Wenn dir eine neue Wippe zugesichert wurde, würde ich einfach noch ein wenig warten. Den es wäre ja schon super das dir Commencal anstandslos eine neue Wippe schickt. Es wäre für dich nämlich ein rießen Problem zu beweisen das du nicht selbst das Gewinde geschrottet hast. Ansonsten immer mal wieder freundlich fragen und am Ball bleiben. 

Viel Erfolg


----------



## MTB-News.de




----------



## N8worker (28. November 2014)

Mhhh, meine Erfahrung mit dem Service danach ist auch nicht so toll.
Hatte im Oktober ein komplett Bike bestellt. Hatte bissl was zum Aussetzen und die ersten Mails gingen auch recht fix. Hatten uns dann geeinigt und seitdem hängt es... :-(
Ich habe schon paarmal geschrieben. Wurde vertröstet und warte immer noch. Diesen Montag wurde mir wieder mal versprochen das das Paket los geschickt wird.
Ich bin gespannt...
Also immer mal nach fragen und hoffen... ;-)


----------



## LeonW. (28. November 2014)

Habe Donnerstag endlich eine Mail bekommen, sie würden das Teil verschicken, per Express-Versand. Die mitgeteilte Sendungsnummer existiert allerdings immer noch nicht.


----------



## LeonW. (3. Dezember 2014)

Habe heute das Ersatzteil bekommen. Leider mit starken Gebrauchsspuren und nicht passend zum linken Teil der Dämpferwippe, da der zylindrische Teil, in den das Gewinde geschnitten ist, anders gefräst ist. Außerdem mit recht tiefem Abdruck der Dämpferbuchse und einem leichten Farbunterschied zum ursprünglichen Teil. Zwischenzeitlich habe ich das defekte Gewinde nachgeschnitten. Die Schraube läuft etwas rau, aber lässt sich anziehen. Wenn ich jetzt Optik und Funktion gegeneinander abwäge, werde ich die originale Dämpferwippe weiterfahren und das Ersatzteil zurückschicken. Schade dass man nicht ein wirklich passendes bekommt, aber das Bike an sich läuft bis jetzt super und auch mit der restlichen Verarbeitung bin ich zufrieden. 

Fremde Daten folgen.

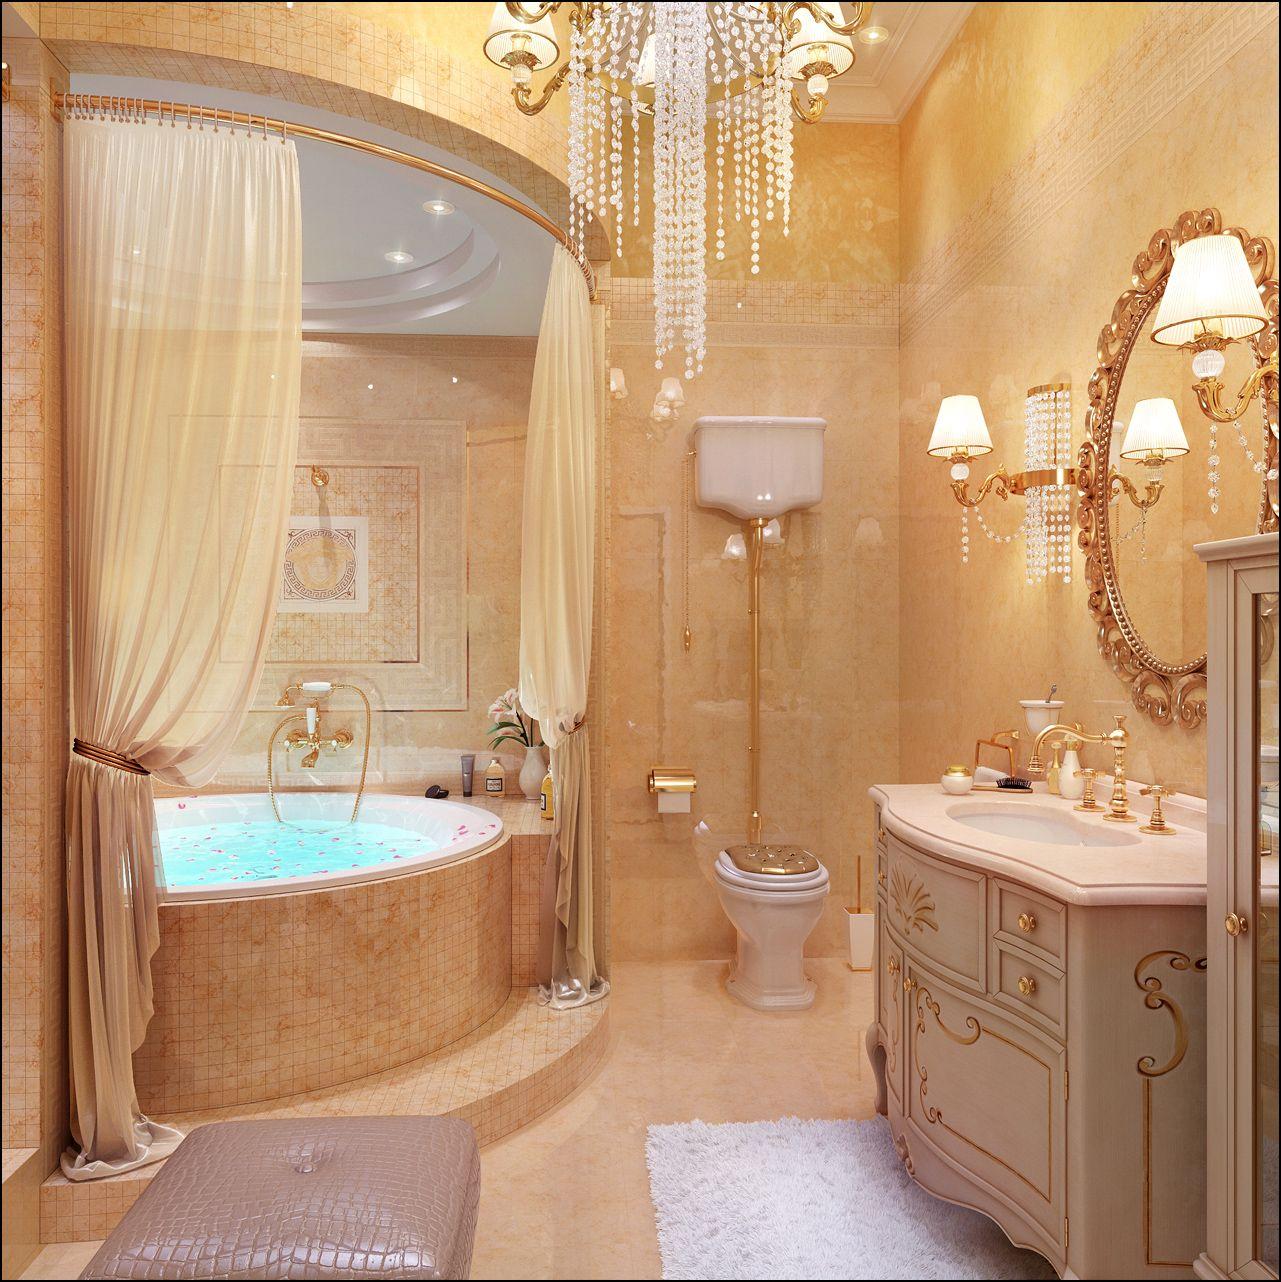 Luxury Home Interiors Bathroom: Bath With Jacuzi.

Anbei noch Fotos zum Vergleich, rechts das Ersatzteil.


----------



## pazze84 (3. Dezember 2014)

Also das würde mich jetzt ärgern ! Erst muss man so lange auf das ersehnte Teil warten und dann beim auspacken sowas . Dachte Commencal wäre da kulanter. Ist ja toll das Sie dir eine neue Wippe geschickt haben aber das hätte schon ne neue sein können. 

Du hast es ja auch so hin bekommen. Viel Spass mit deinem Bike und ne gute Zeit


----------